30 thoughts on “About Me

  1. I love your final paragraph, it matches totally with my feelings. Why do people think we are that thick, that after years of illness, we haven’t thought of their oh so simple idea, ill-researched so called fact, or are interested in their clearly quackery cure? Chronic illness made us ill not thick!

    Liked by 3 people

  2. Thank you for coming by and following my blog.
    I have vertigo…for a number of reasons, dome they don’t know. I’m going to John Hopkins next week to see if they may have any new insights.

    I also have high CFS. Not so high I have to have a shunt, but they have talked about it at one point. Dr. Linda Gray at Duke is amazing. That’s pretty much what she does. Works with CSF stuff. I’m lucky I can be regulated with medication most of the time now, but sometimes my pressure will spike and I’ll have a “blow out”. I develop a leak suddenly, and my pressure will suddenly drop too low, that messes everything up.

    Good luck my dear.
    I look forward to getting to know you better.
    Wendy
    Picnic with Ants

    Liked by 2 people

    • Thank you, Wendy, and good luck on your visit! I have always had normal pressure but we found that when we did a couple of back-to-back LPs that my symptoms resolved, and that’s the only reason we went with the shunt option. Diamox doesn’t have any affect on my symptoms at all, unfortunately. I’m going to file your doctor’s name away in my memory for future reference. 🙂

      Like

      • I also had normal readings, but Dr. Gray believes in empirical evidence. When I was having my LP, she took more fluid out and I felt better, she added more in and I felt worse. Made sense. Just as your back to back LP’s made sense. I hate the thought that you still can’t sit up for long even with a shunt. That’s just crazy. I hate you are going though all of this. My thoughts are with you. May you get some answers and some resolution. Peace to you.

        Liked by 2 people

  3. BOY am I standing with you on the “please don’t suggest!” platform.

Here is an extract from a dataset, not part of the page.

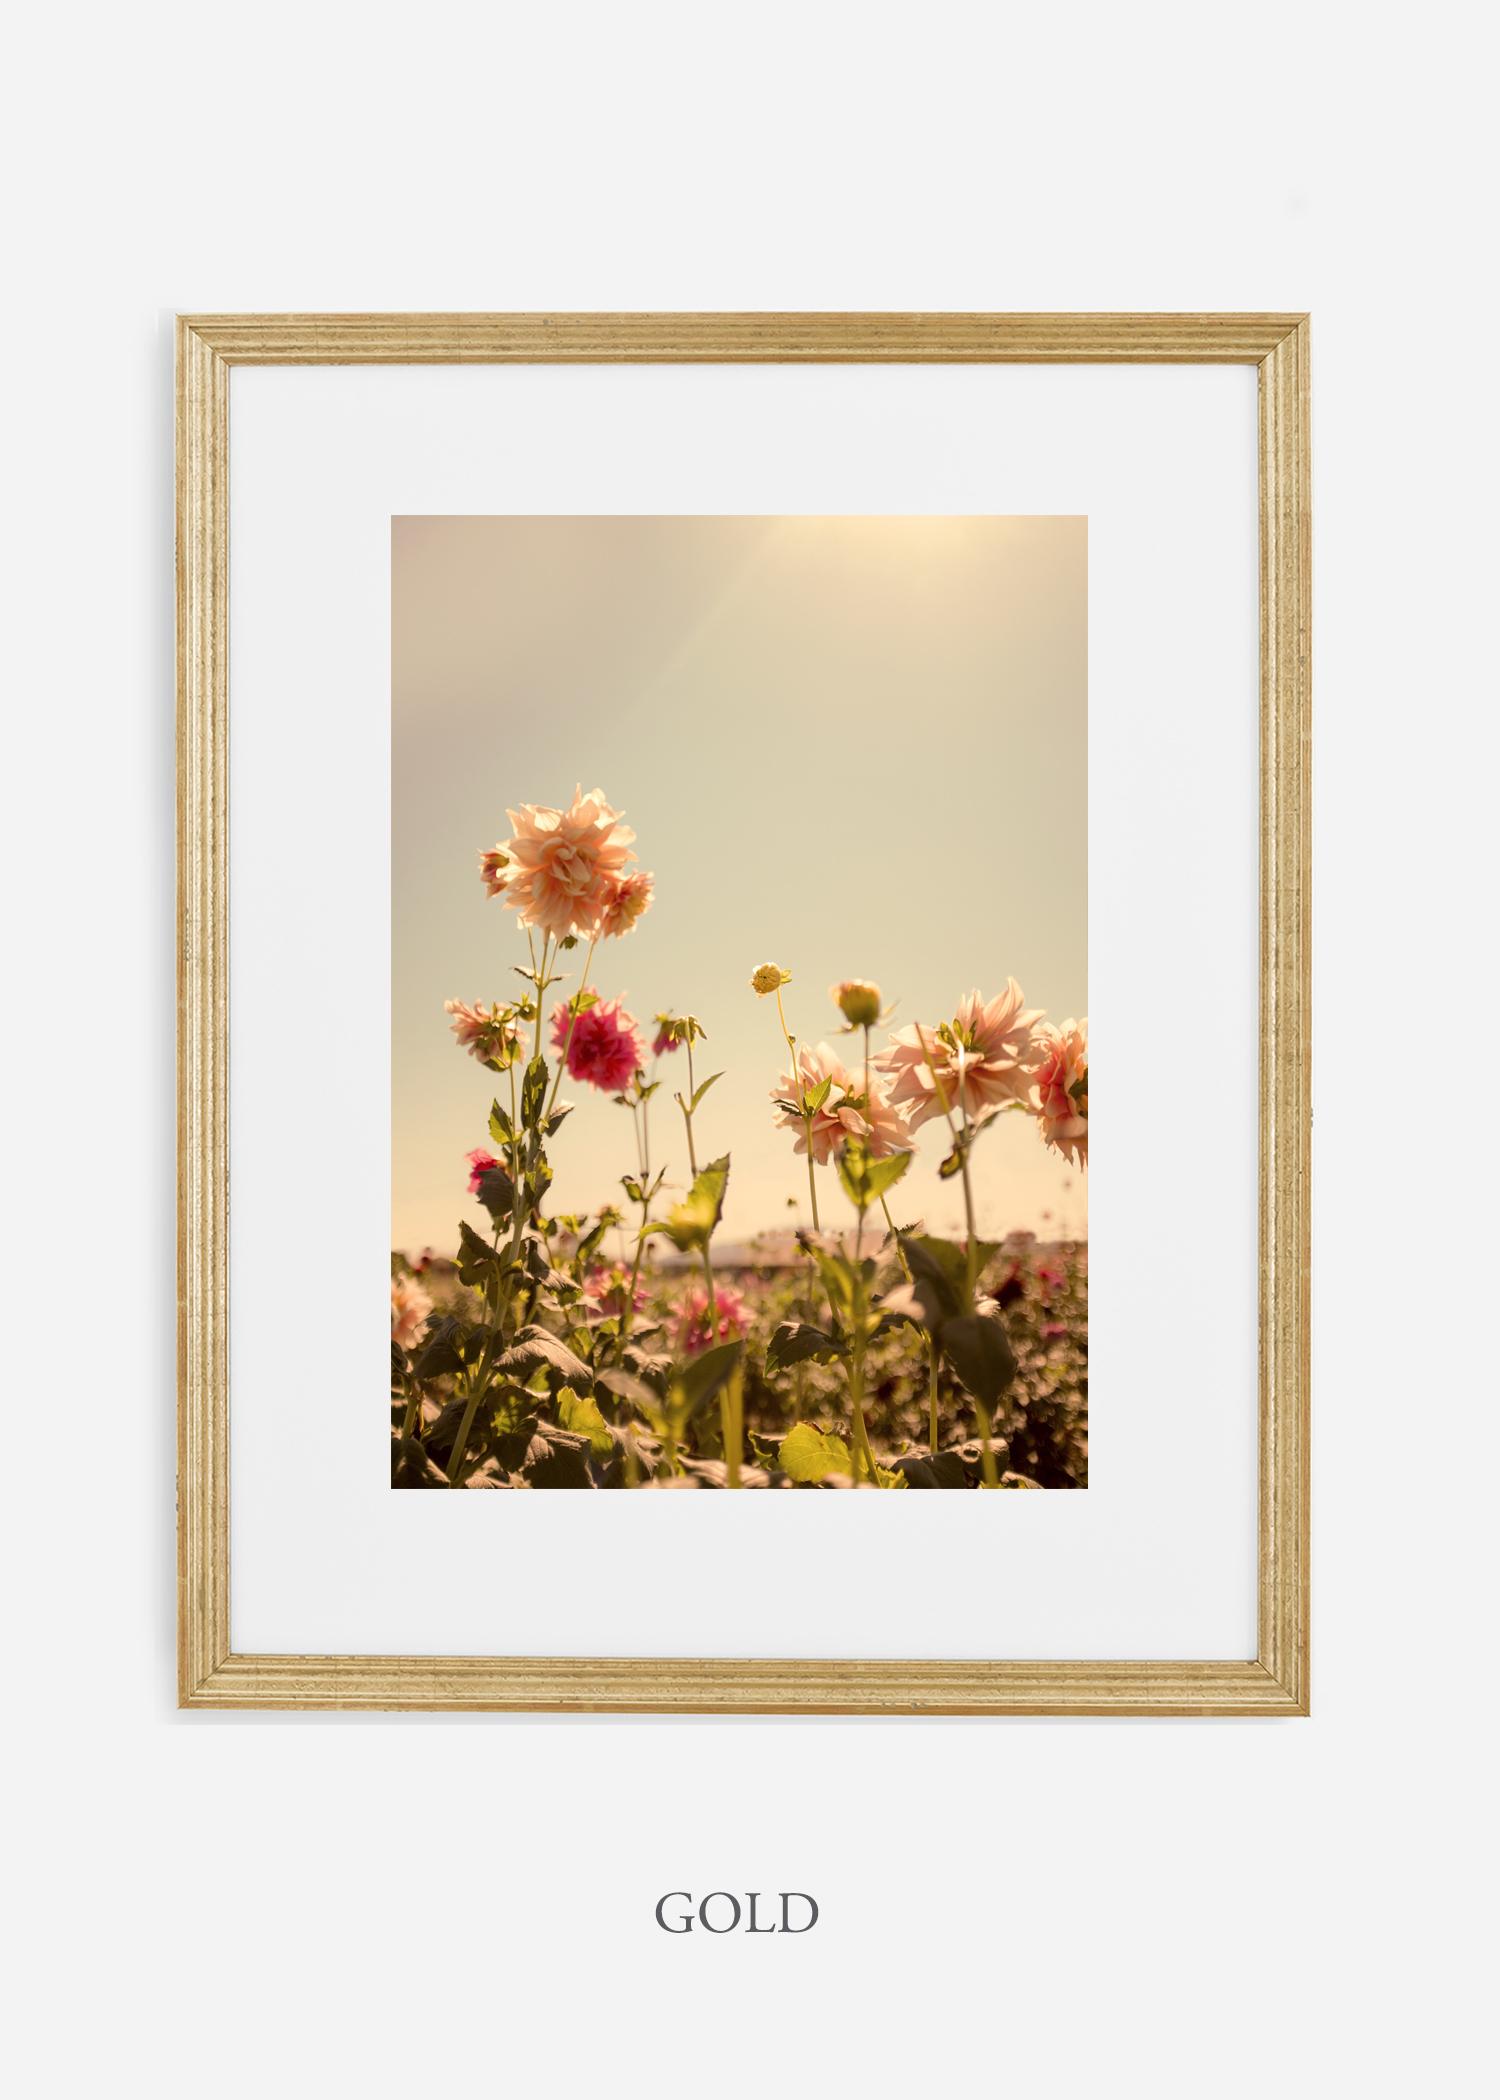 DahliaNo.3_goldframe__No.1_interiordesign_botanicalprint_art.jpg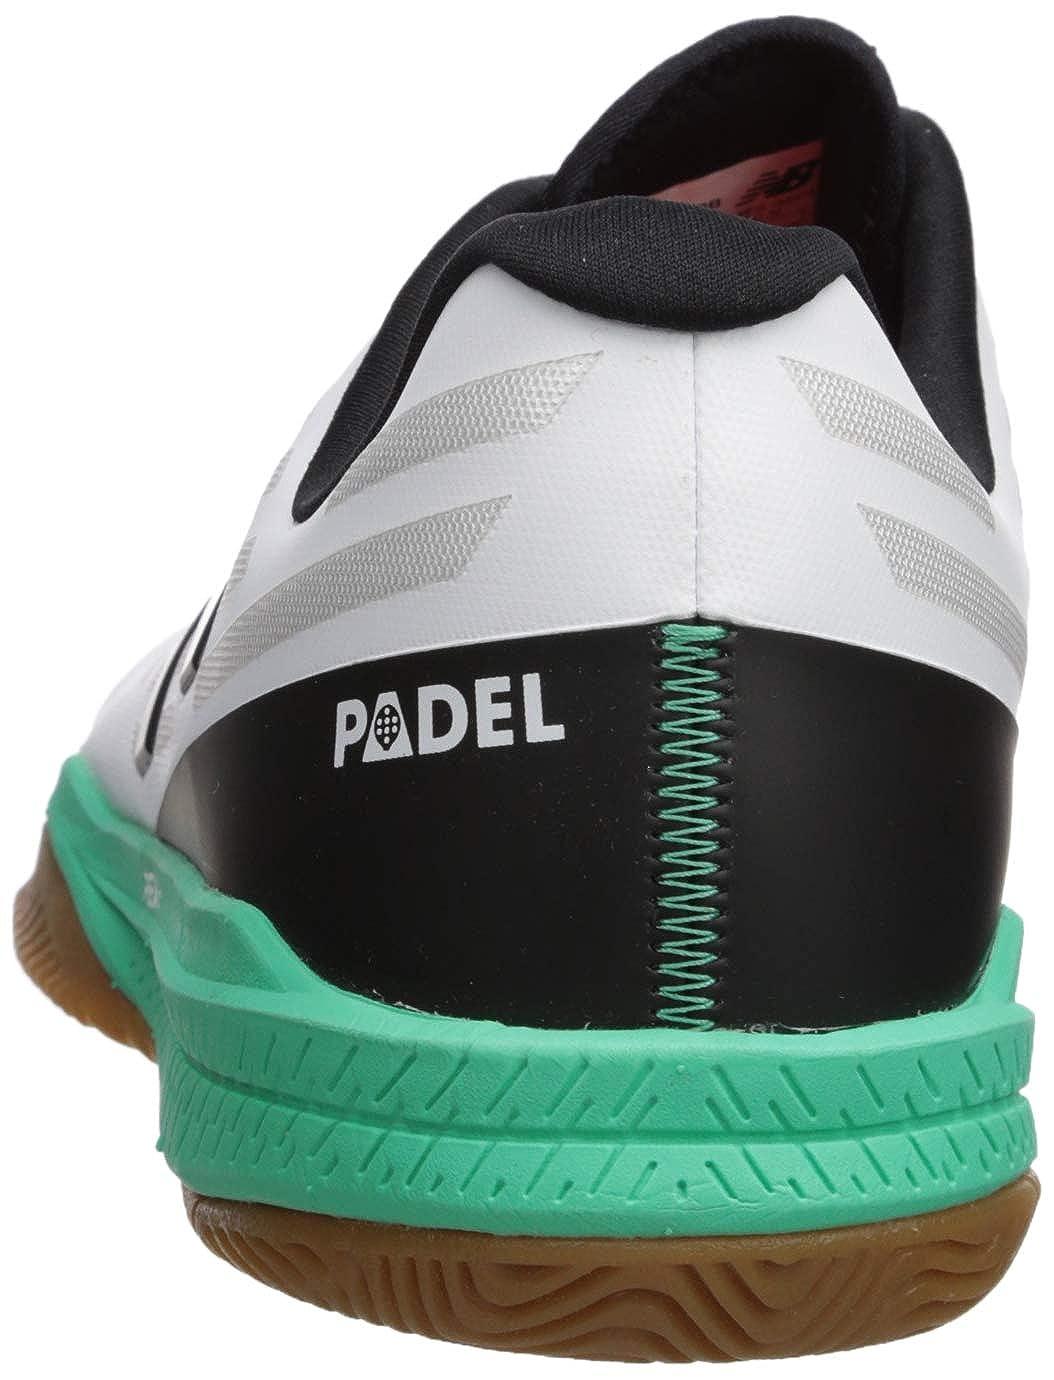 New Balance Mens 796v1 Hard Court Tennis Shoe

    On a similar note, “just” and “only” have always been two words that make me go bananas inside the moment I hear them in a sentence, regardless of what follows — as in, “but it’s JUST .. [a matter of something that I’m sure you’ve never thought of in all the years you’ve been dealing with your problems, but *I* – brand new to them – can see & solve immediately”] — and “it’s ONLY [a matter of something SO simple that you surely must be an utter imbecile not to have thought of it yourself!!).

    Neuro (and physio) typicals! GRRRR, I’m never sure whether to pray for the continuation of their blissful ignorance to keep my own karma clean, or to stick pins in some sort of doll that will result in their falling off their “I know and you don’t” perches to walk a few miles down here in the trenches.

    Good thing there’s no such doll, huh?

    xx,
    mgh
    (Madelyn Griffith-Haynie – ADDandSoMuchMore dot com)
    – ADD Coach Training Field founder; ADD Coaching co-founder –
    “It takes a village to transform a world!”

    Liked by 1 person

  4. You have led both an interesting and a very challenging life. I admire your resilience. I’ve had chronic lyme since the ’80’s and I agree with you, you do get to know your body well from all perspectives (good and bad.). Thanks for reblogging my post. I’m quite serious about women and the men who love and respect them, supporting any move toward gender equality. Although I never intended for my blog to deal with some of the topics I’ve been writing about lately, it has been a healthy and cathartic experience. I wish you a peaceful week. Clare

    Liked by 1 person

  5. Please consult an Ayurvedic physician.
    It is interesting that you titled one of your posts “Gold, frankincense and myrrh”, because guggulu (myrrh) medicines of Ayurveda might be helpful to you.

    Like

    • So you thought it was best to ignore the part where I specifically said, “By the way, if at any time you are tempted to tell me, “Why don’t you just ________?” in regards to dealing with my health, DON’T.”? What makes you think I didn’t already see an Ayurvedic practitioner – just because I didn’t talk about it here at length? It’s so disrespectful to think that you know best. You haven’t been at my side these past 8 years.